▸ Material provided:
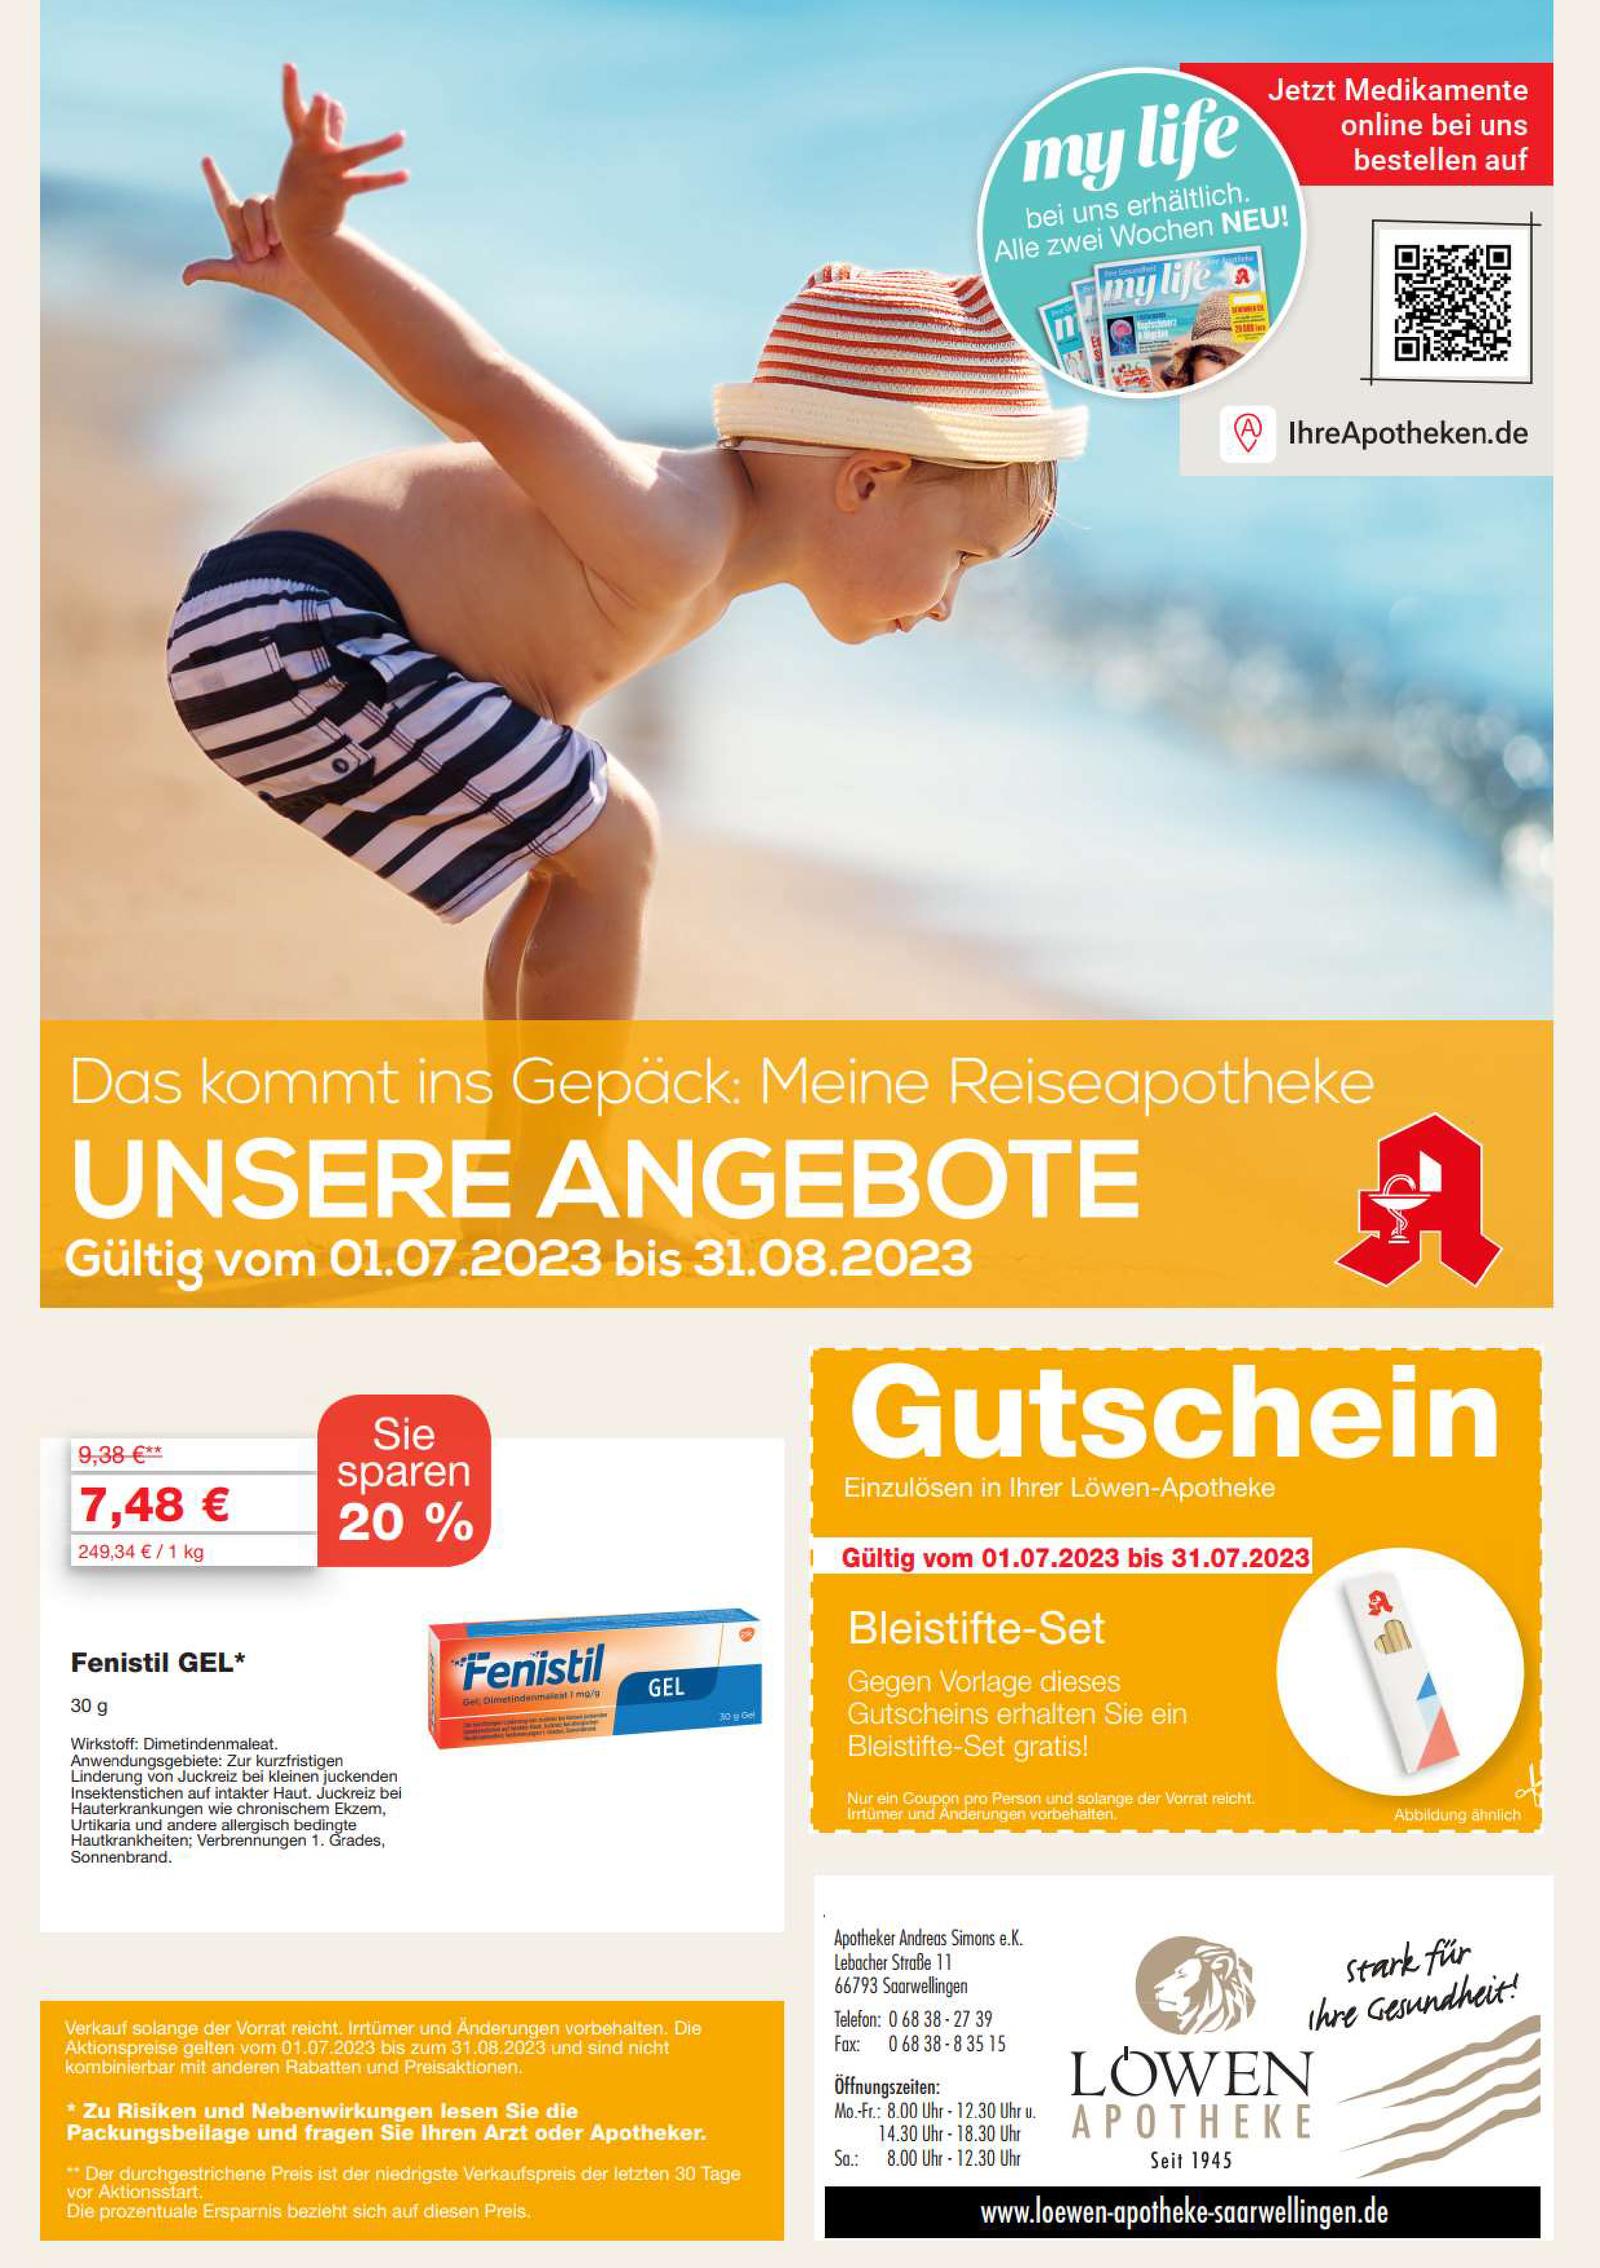 https://mein-uploads.apocdn.net/20510/leaflets/20510_flyer-Seite1.png
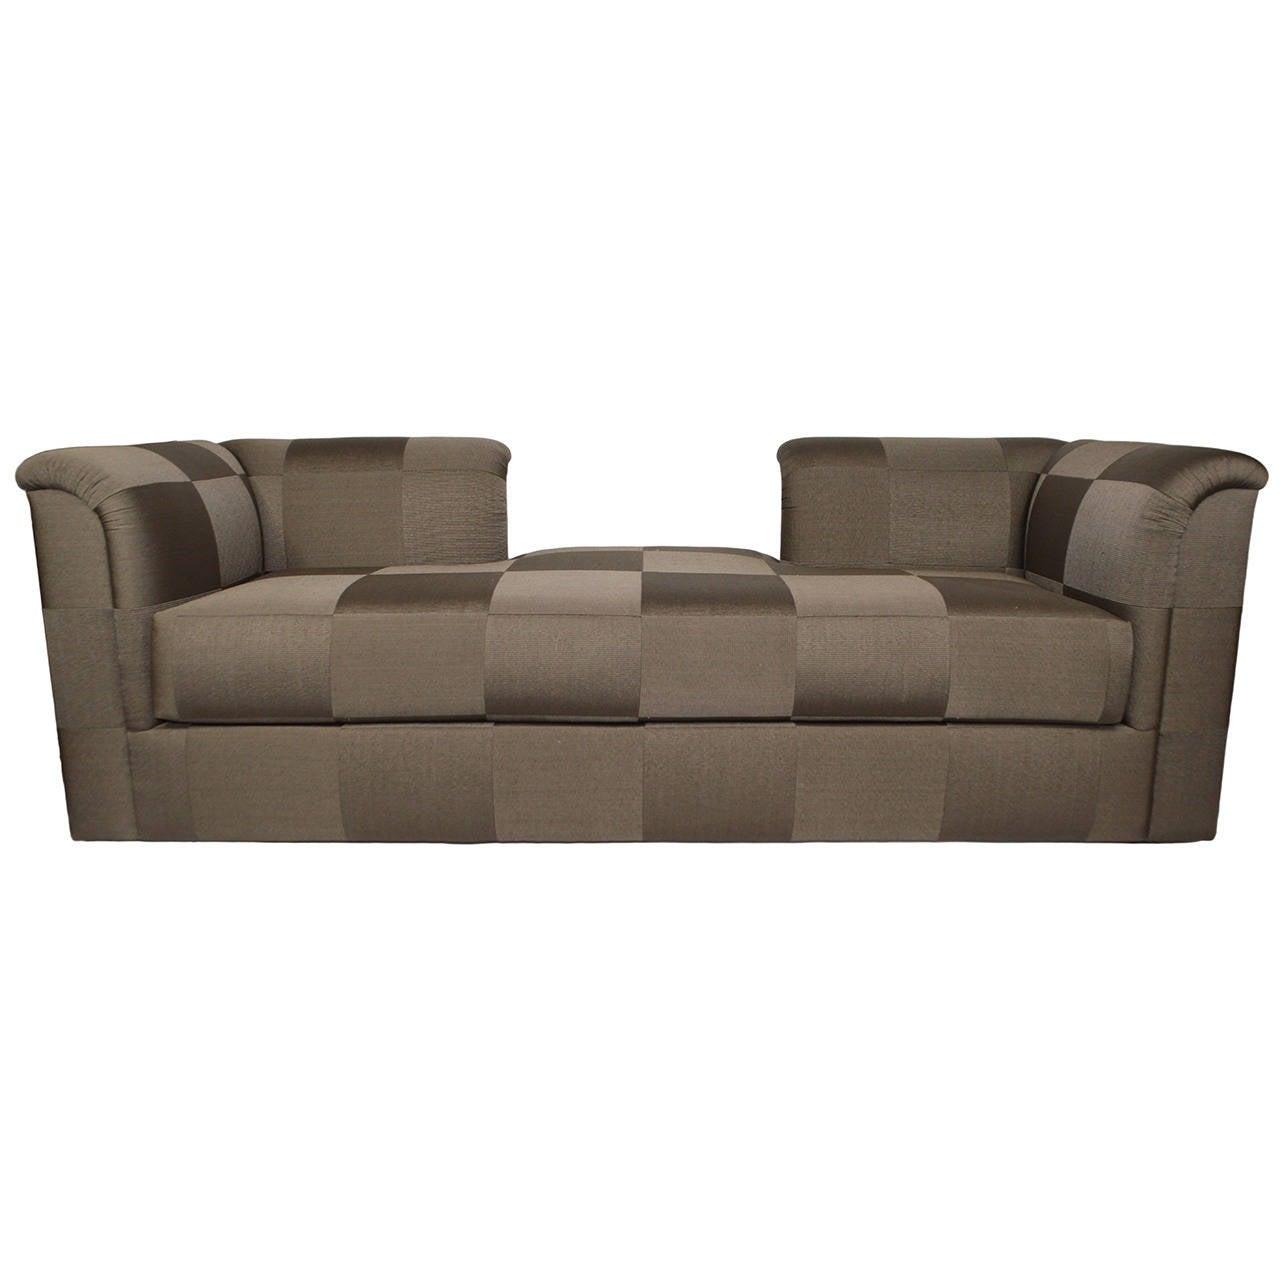 J Robert Scott French Line Tete A Tete Sofa At 1stdibs
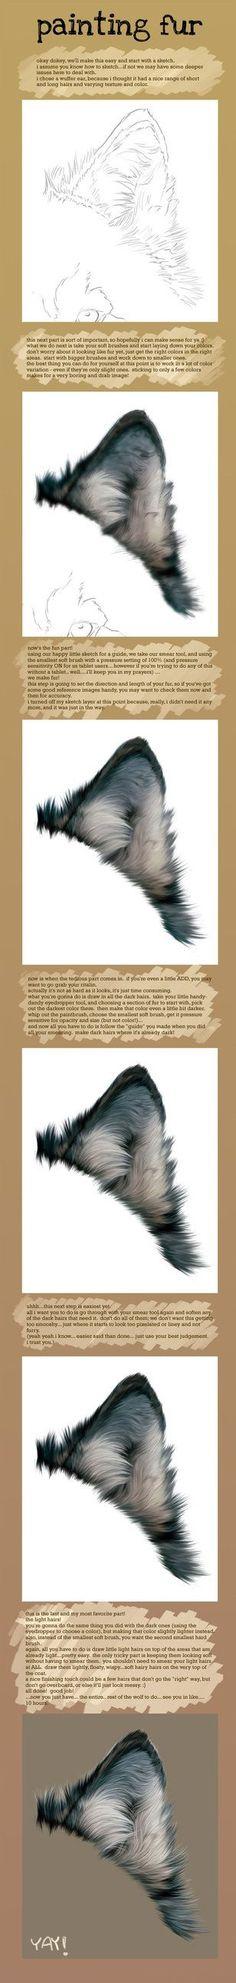 Painting Fur by novawuff [dA] join us http://pinterest.com/koztar/cg-anatomy-tutorials-for-artists/

▸ Work to be completed: In your answer, copy exactly the lines running from the line with "J Robert Scott" to the end of the material above, both included, and omit all pictures.

▸ Answer area:
 J Robert Scott French Line Tete A Tete Sofa At 1stdibs
 Painting Fur by novawuff [dA] join us http://pinterest.com/koztar/cg-anatomy-tutorials-for-artists/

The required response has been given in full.